Have you tested this code.
WebSecurityConfigurerAdapter is deprecated with Spring 5 and Spring Boot 2.0.
Adifferent appraoch has to be used.
Mach
which one ? , please explain if you know working solution.
surya
Somehow every code base on Spring Boot 2 Security including the examples on “Spring.io” work only on localhost.
Looks like there is some undocumented code base related to CORS. Because the document approach fails in staging hence cannot be enhanced and promoted to production.
None work in Production or staging environment.
I have tested this code base and various others on code bases on AWS, Azure, Google and other cloud vendors.

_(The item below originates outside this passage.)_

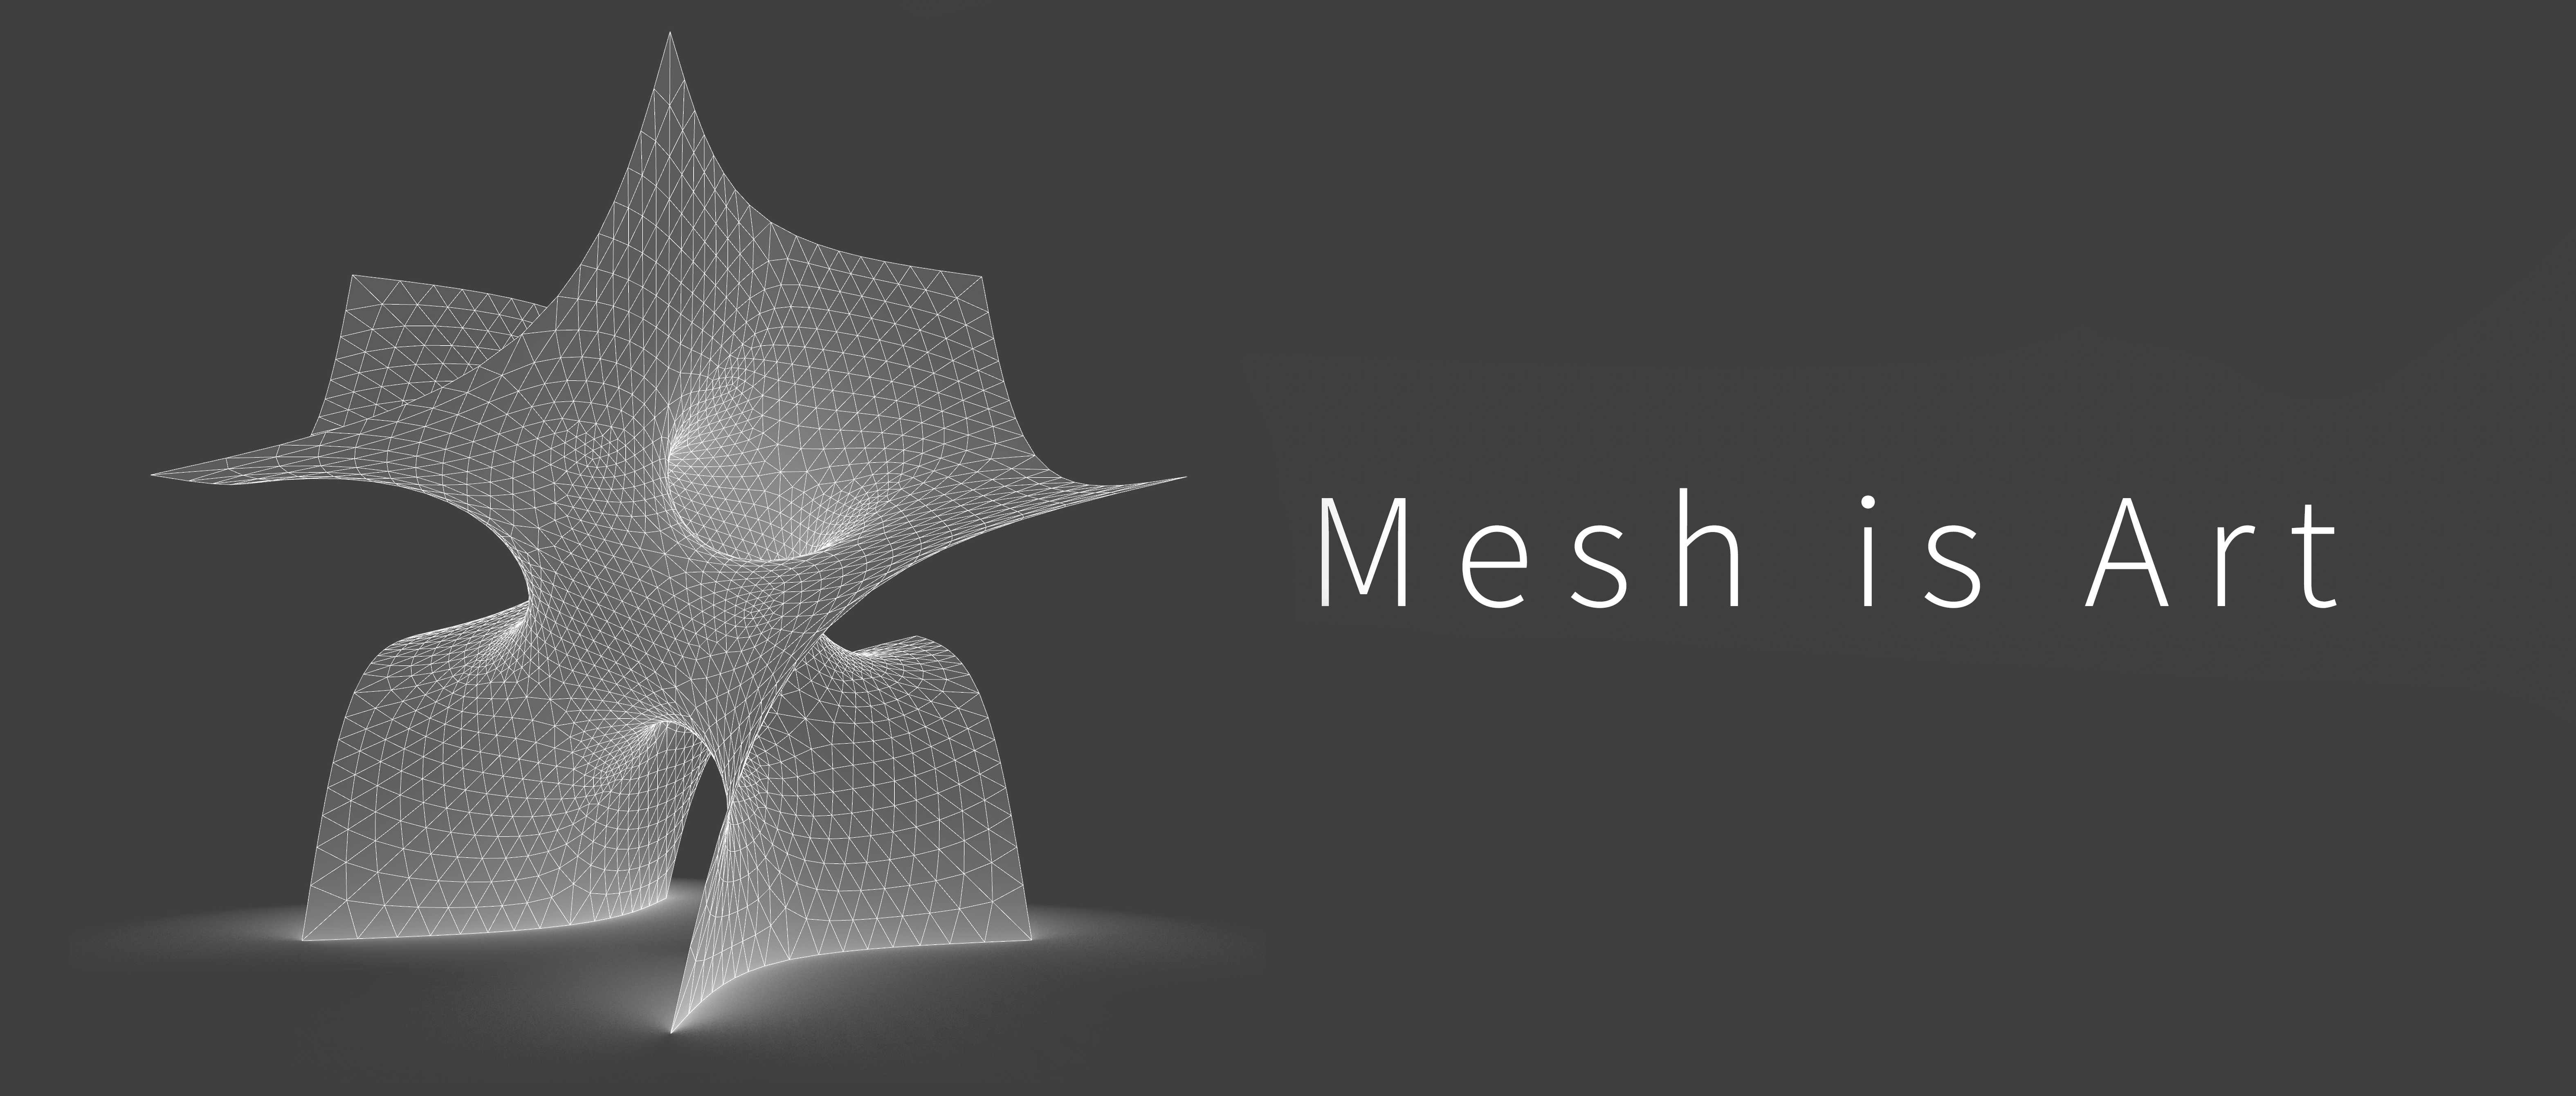 Mesh is Art (4): Subdivision

Somehow all sample code-bases work excellently on local host.
On staging it is failure.
I have tried two scenarios the application front-end on a different physical instance on Apache httpd and java Rest Services on a different physical instance with Tomcat.
Vikram
Sorry for asking such a basic question, but to what does “/**” refer in addMapping()? Allowed origins? Allowed headers?
Lokesh Gupta
This is a path pattern that used in Apache ant which spring team uses in whole framework.
Ref : SO Thread
Jayapriya
Hi,
I’m trying you integrate angular js with spring boot. I’m getting cross origin error at angular js side after the call returns from rest service. Will this snippet add header to the response? It seems it’s not working in my code.
thanks,
jayapriya
Hamid
I have this problem too. I have no idead how to fix it
Satish
In HttpSecurity cors() method does not present To enable CORS support through Spring security?
Lucifer
I got error at http.cors() cors() not defined. Please help.
Gustavo S
Hi, greate example and it works perfect, but I have updated my code base to spring 5 and spring boot 2 and that code is shown as deprecated. I have modified the implementation and all works fine but i have a problem when a the originating request is coming from a domain bound to a port like localhost:3001 (example
Balaji
Hi thanks for your valuable example, i have enables cors for spring security in XML, but i am getting 401 unauthorised problem of preflight request with OPTIONS method. I am using spring security and wildfly server.